| Problem to work on |
Beginning with the line containing "worksheet Slope As" and ending at the last line of the data, set down every line exactly, leaving out all pictures.

| Material provided |
%%

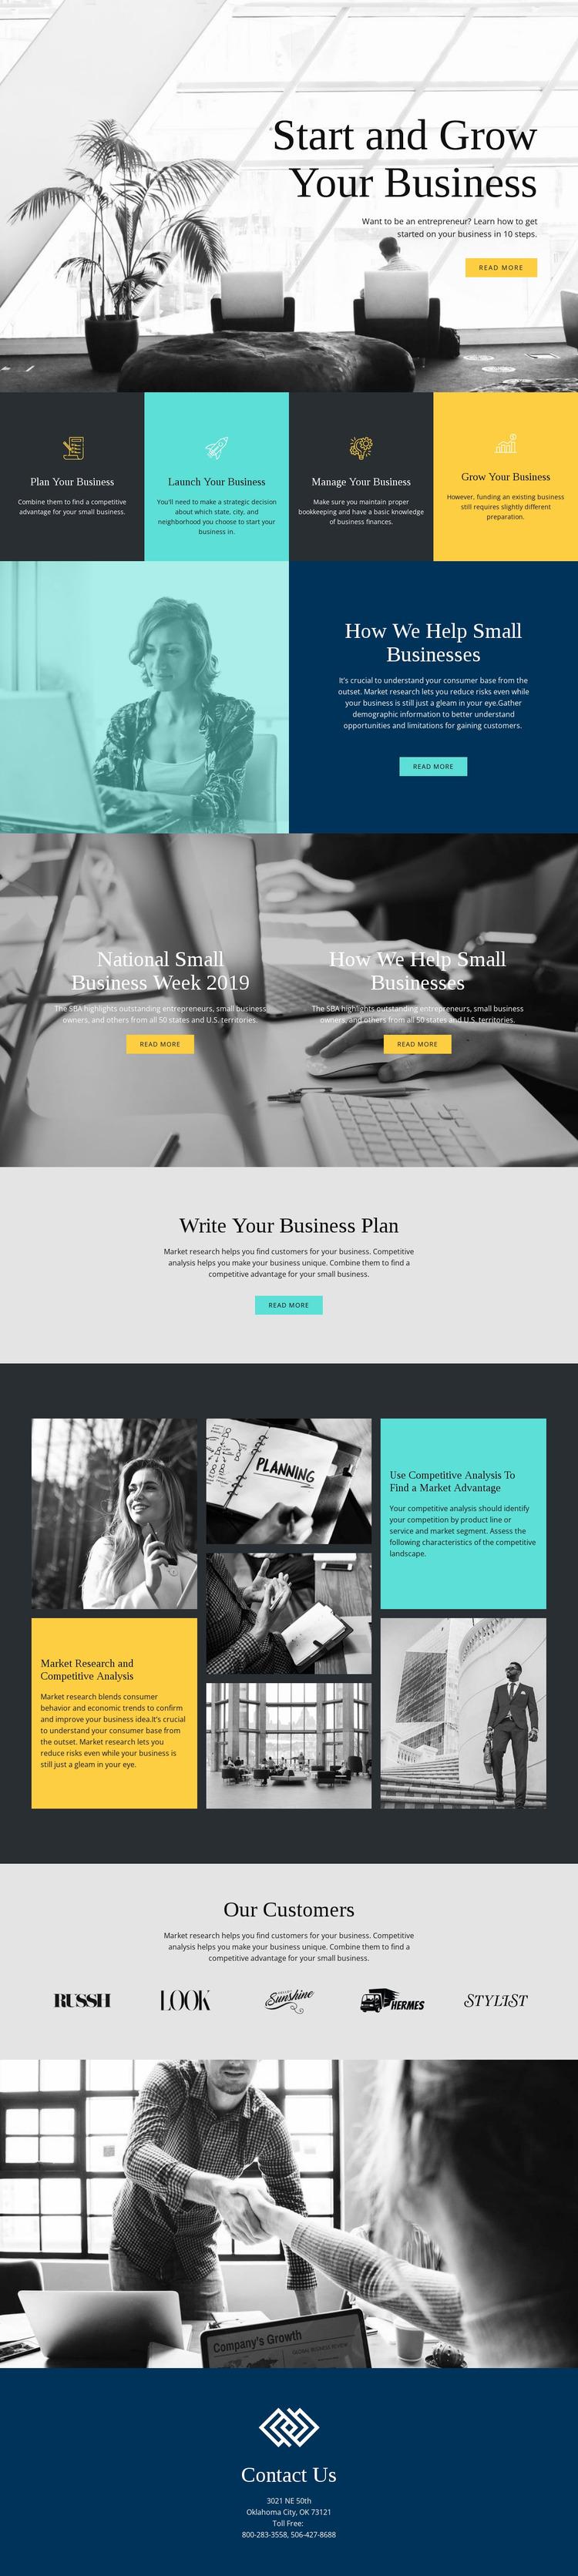 Start and grow your business WordPress Website Builder
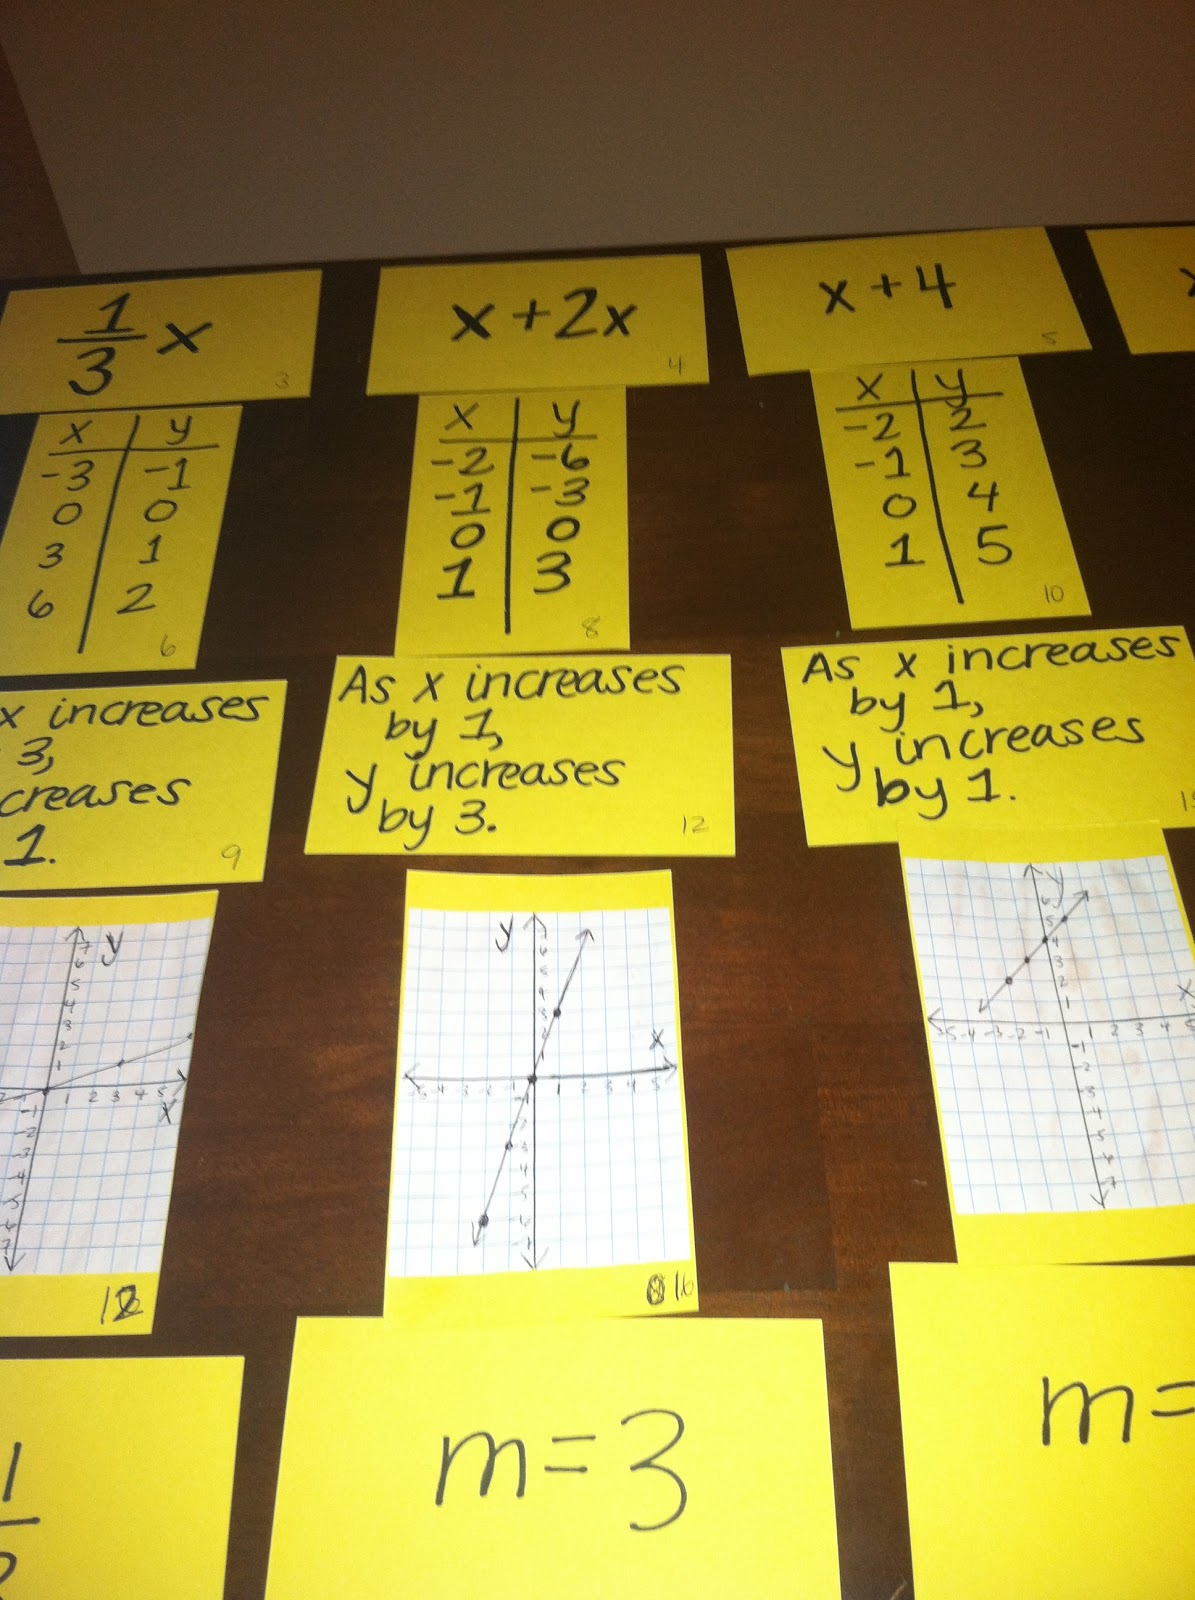 worksheet Slope As A Rate Of Change Worksheet mathiness is happiness rate of change happiness
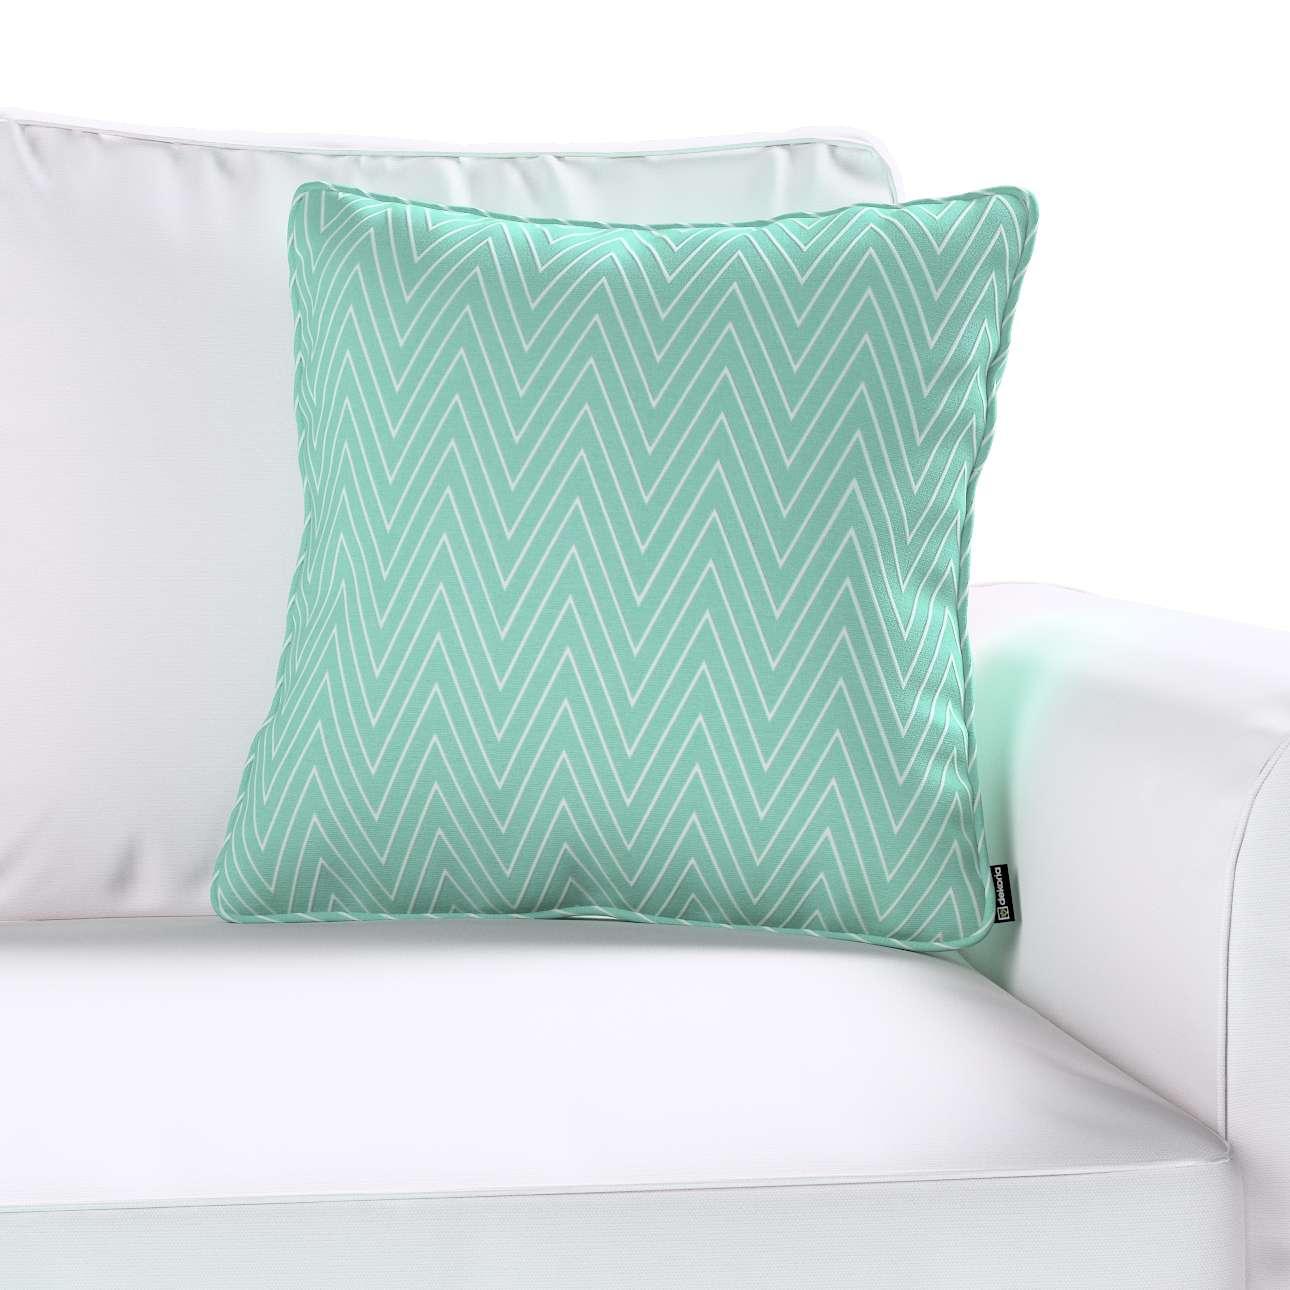 Poszewka Gabi na poduszkę 45 x 45 cm w kolekcji Brooklyn, tkanina: 137-90

%%

| Result of the exercise |
 worksheet Slope As A Rate Of Change Worksheet mathiness is happiness rate of change happiness
 Poszewka Gabi na poduszkę 45 x 45 cm w kolekcji Brooklyn, tkanina: 137-90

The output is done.